_RECORDED DATA_:

_ _ _ _ _ _ _

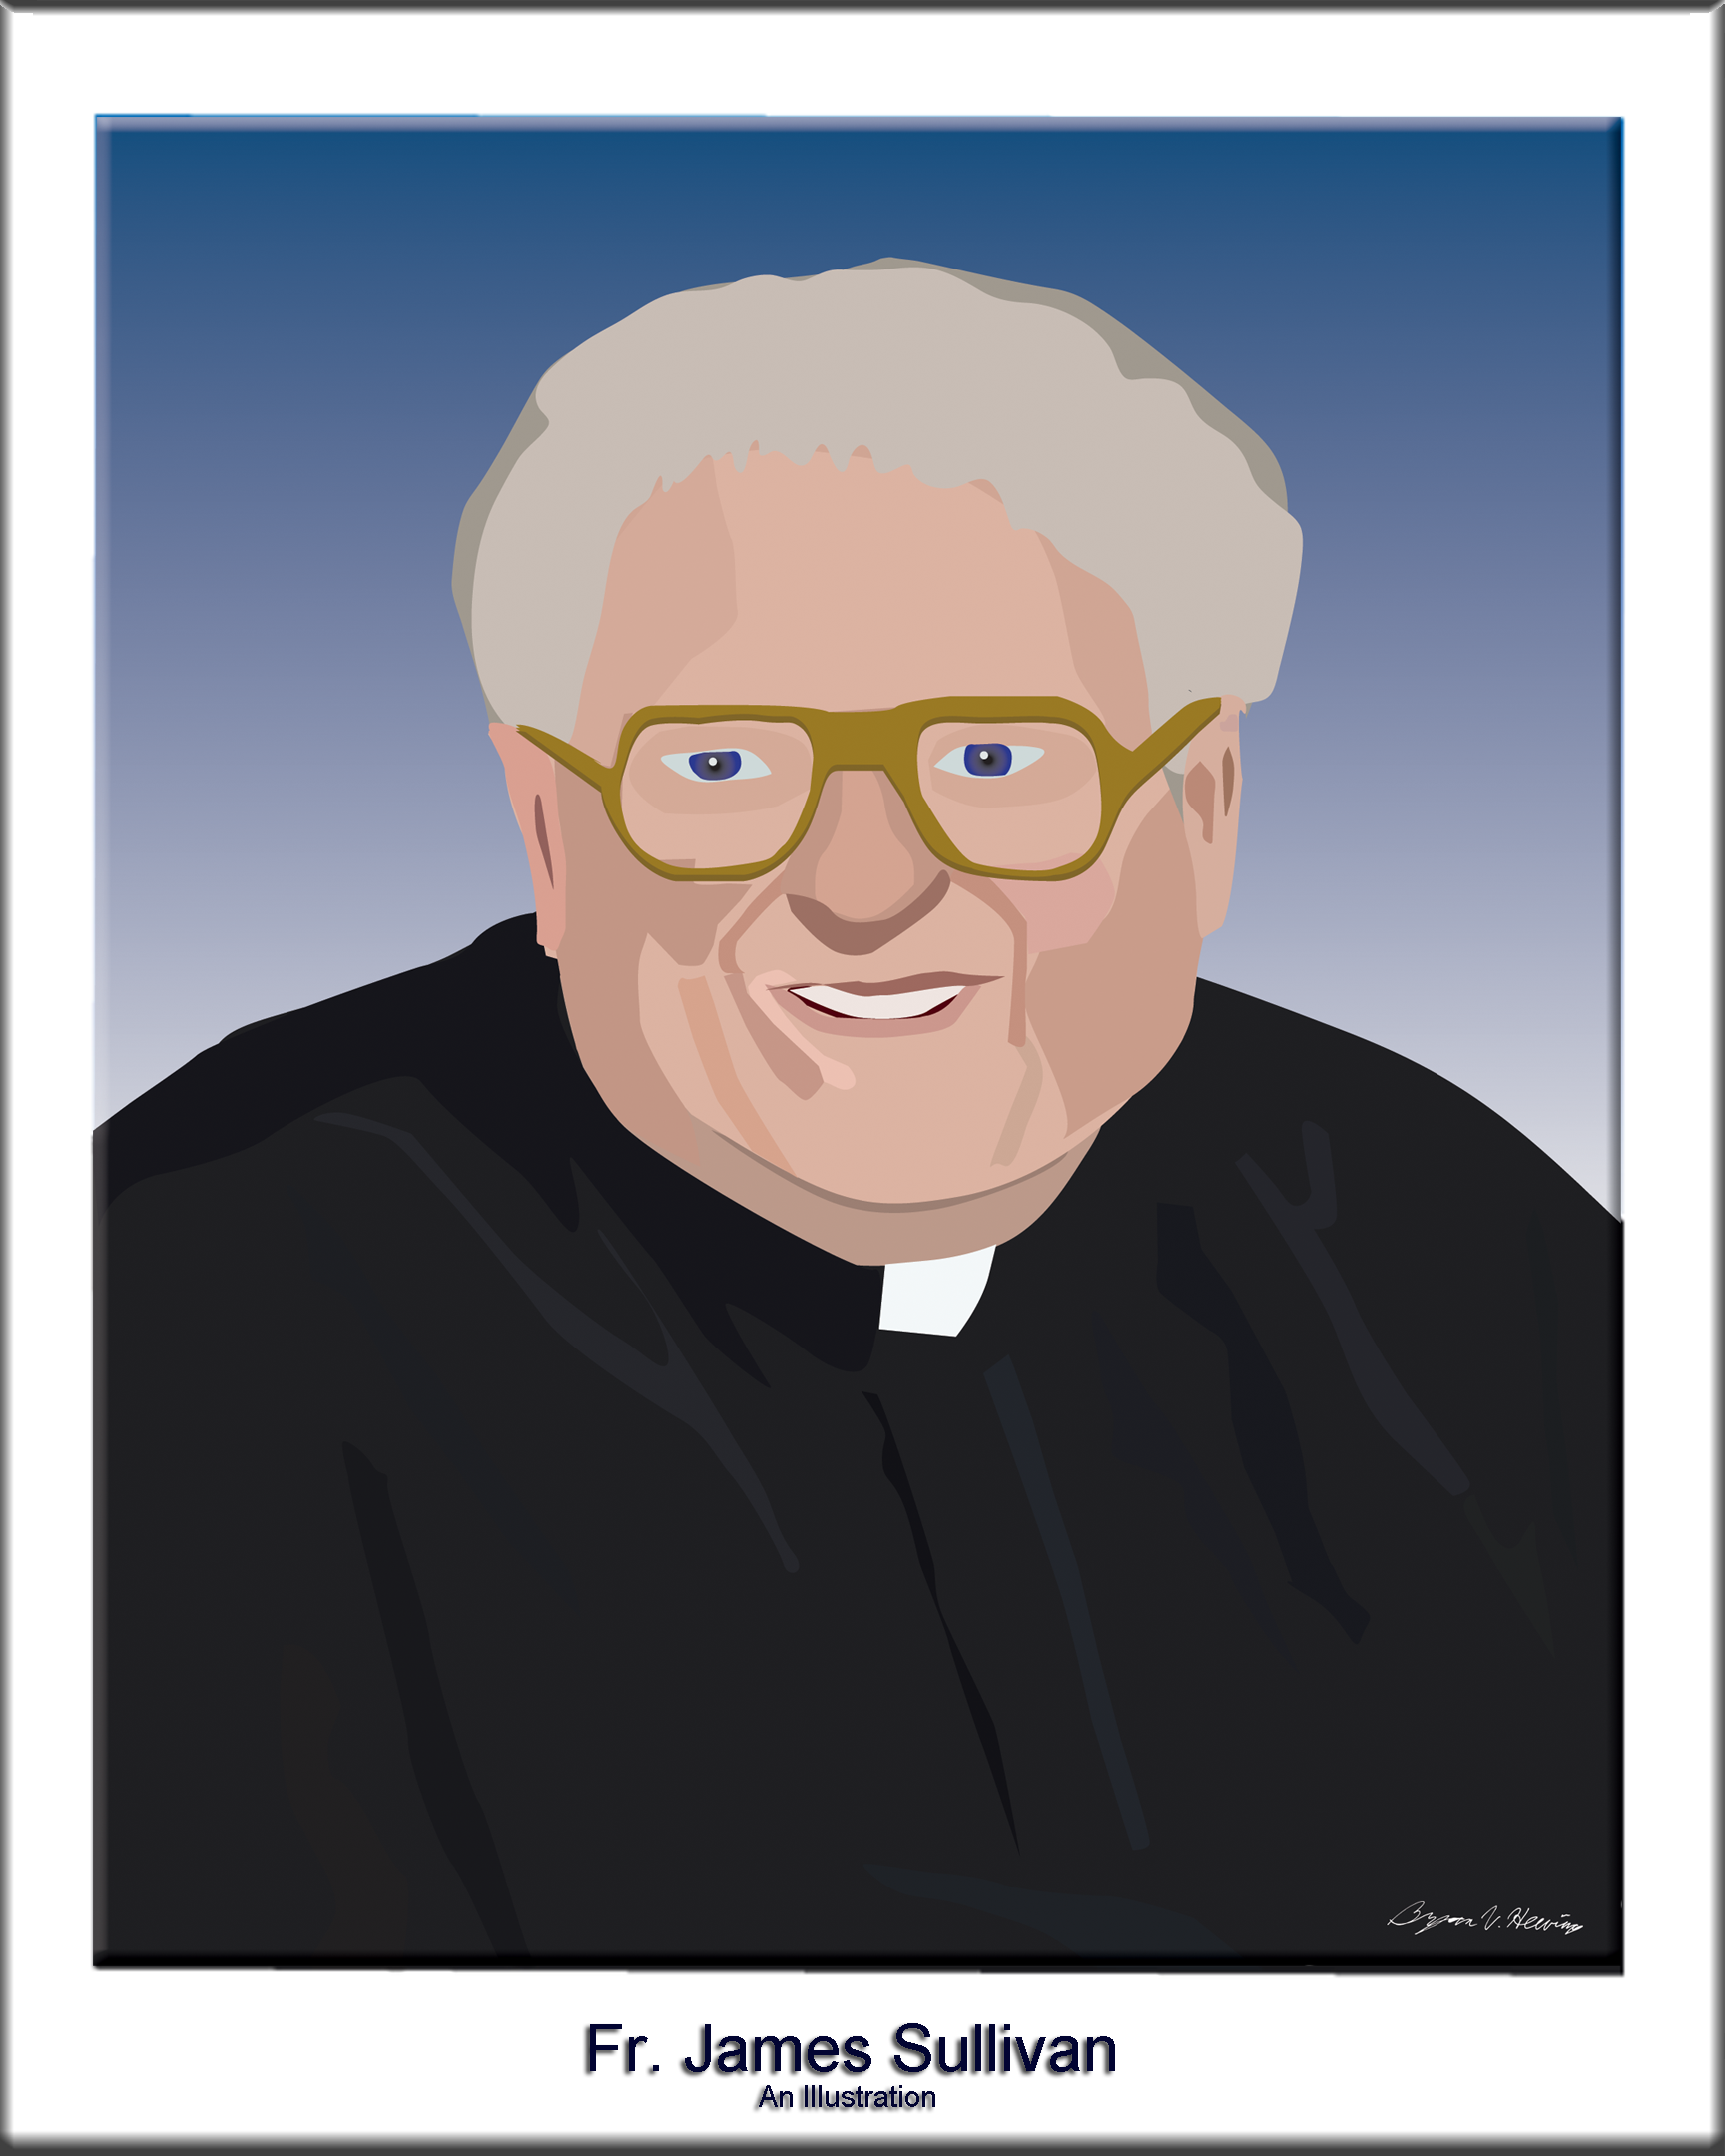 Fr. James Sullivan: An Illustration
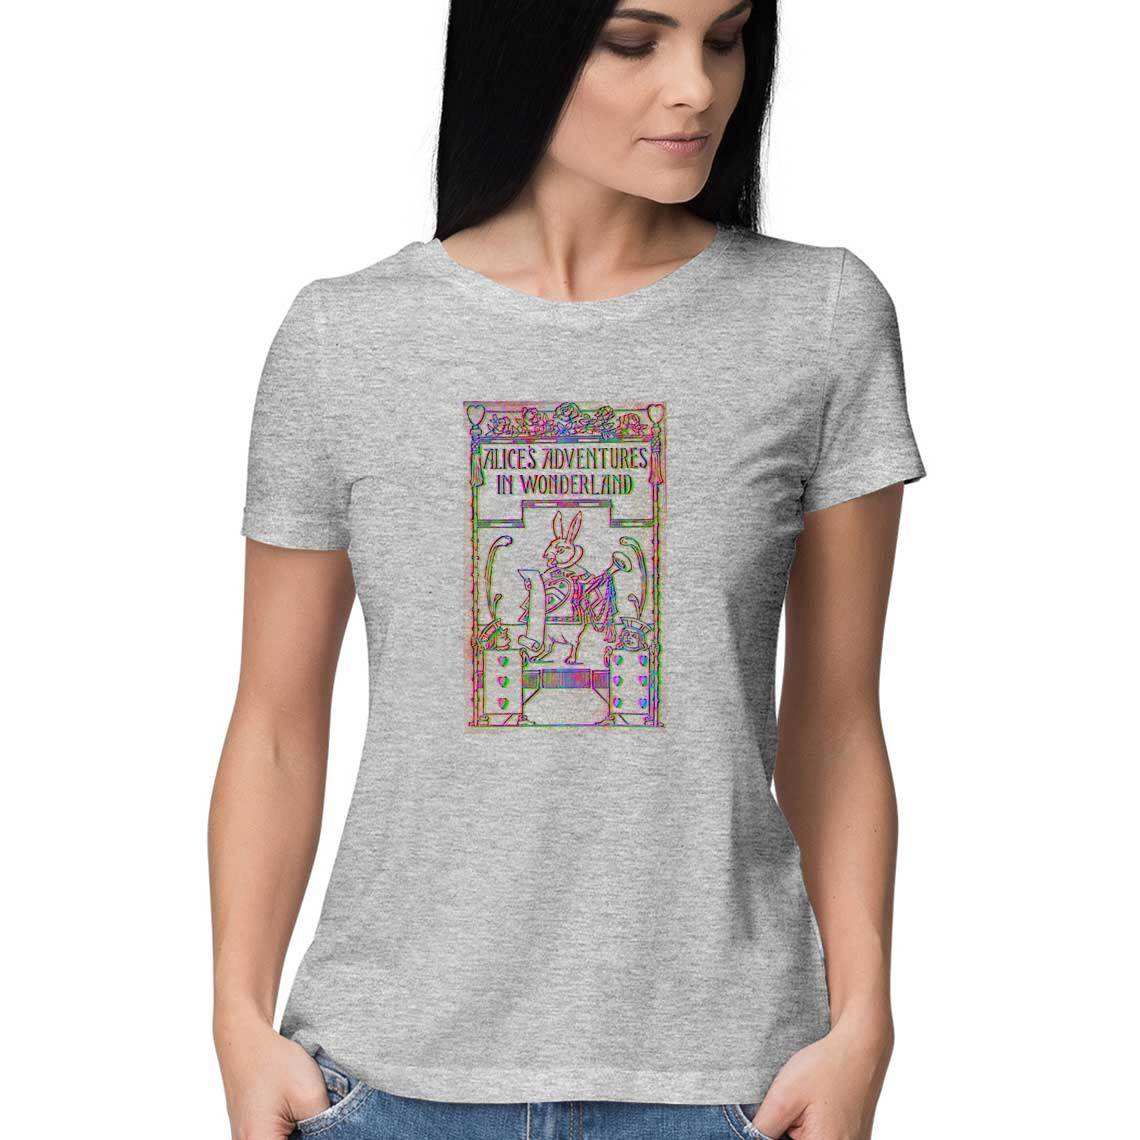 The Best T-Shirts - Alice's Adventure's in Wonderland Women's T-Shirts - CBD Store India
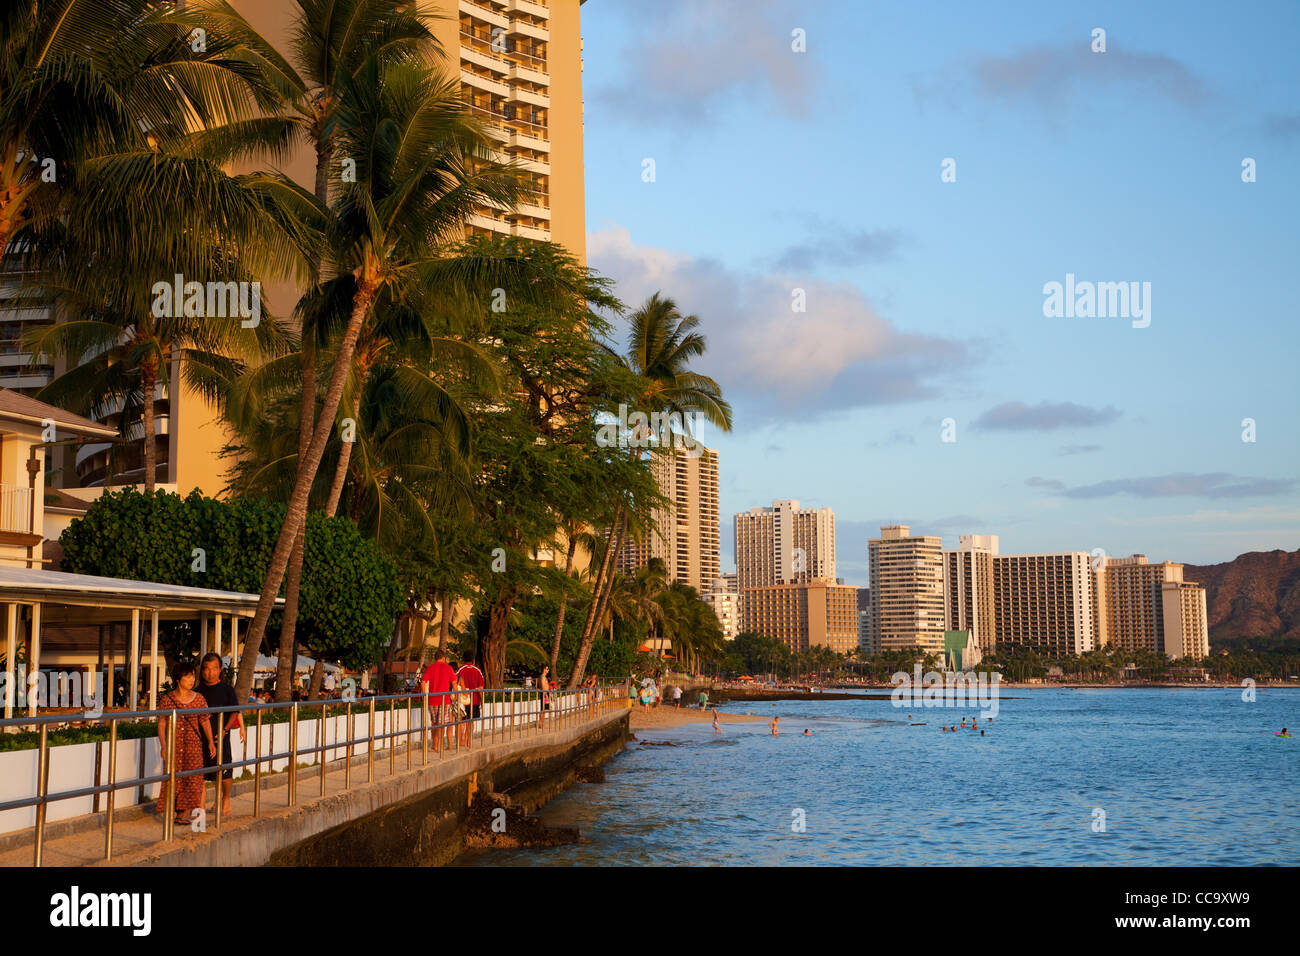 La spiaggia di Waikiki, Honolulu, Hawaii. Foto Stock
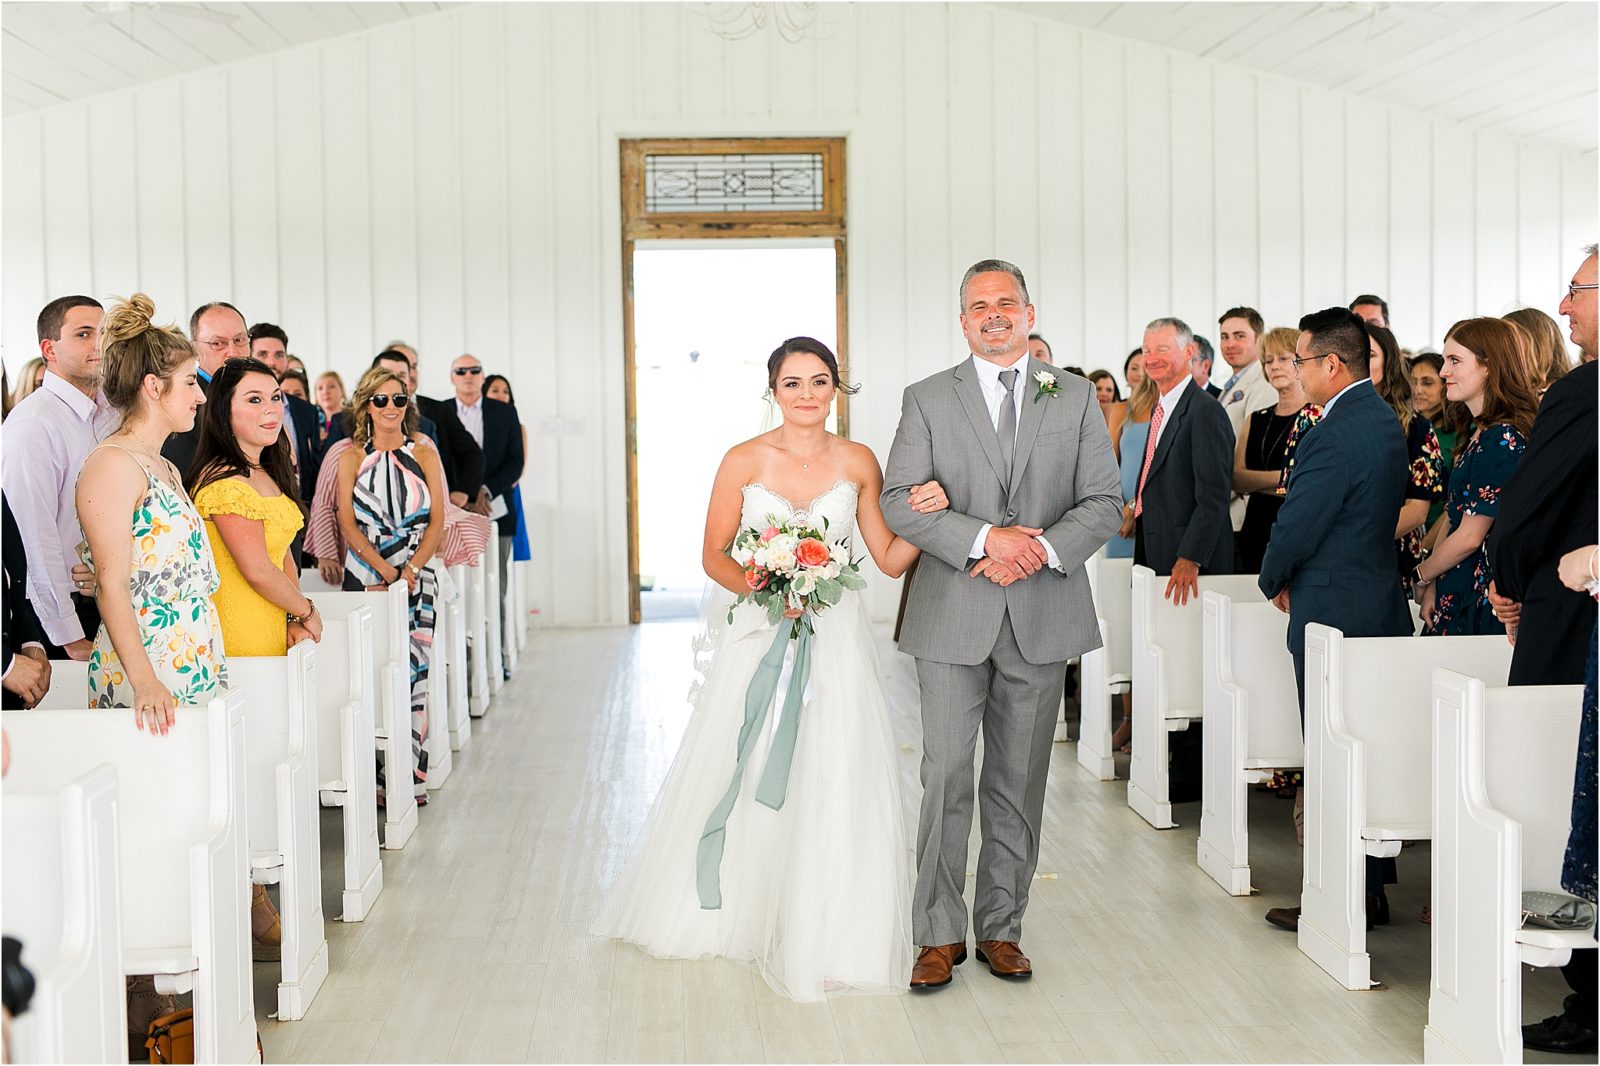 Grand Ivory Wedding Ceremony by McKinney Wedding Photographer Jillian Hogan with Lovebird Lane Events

_ _ _ _ _ _ _

_WORK TO BE COMPLETED_: Nothing but the lines from the one that contains "La spiaggia di" through the last line of the material should be written out, exactly. Omit pictures.

_EXERCISE ANSWER_:
 La spiaggia di Waikiki, Honolulu, Hawaii. Foto Stock
 Grand Ivory Wedding Ceremony by McKinney Wedding Photographer Jillian Hogan with Lovebird Lane Events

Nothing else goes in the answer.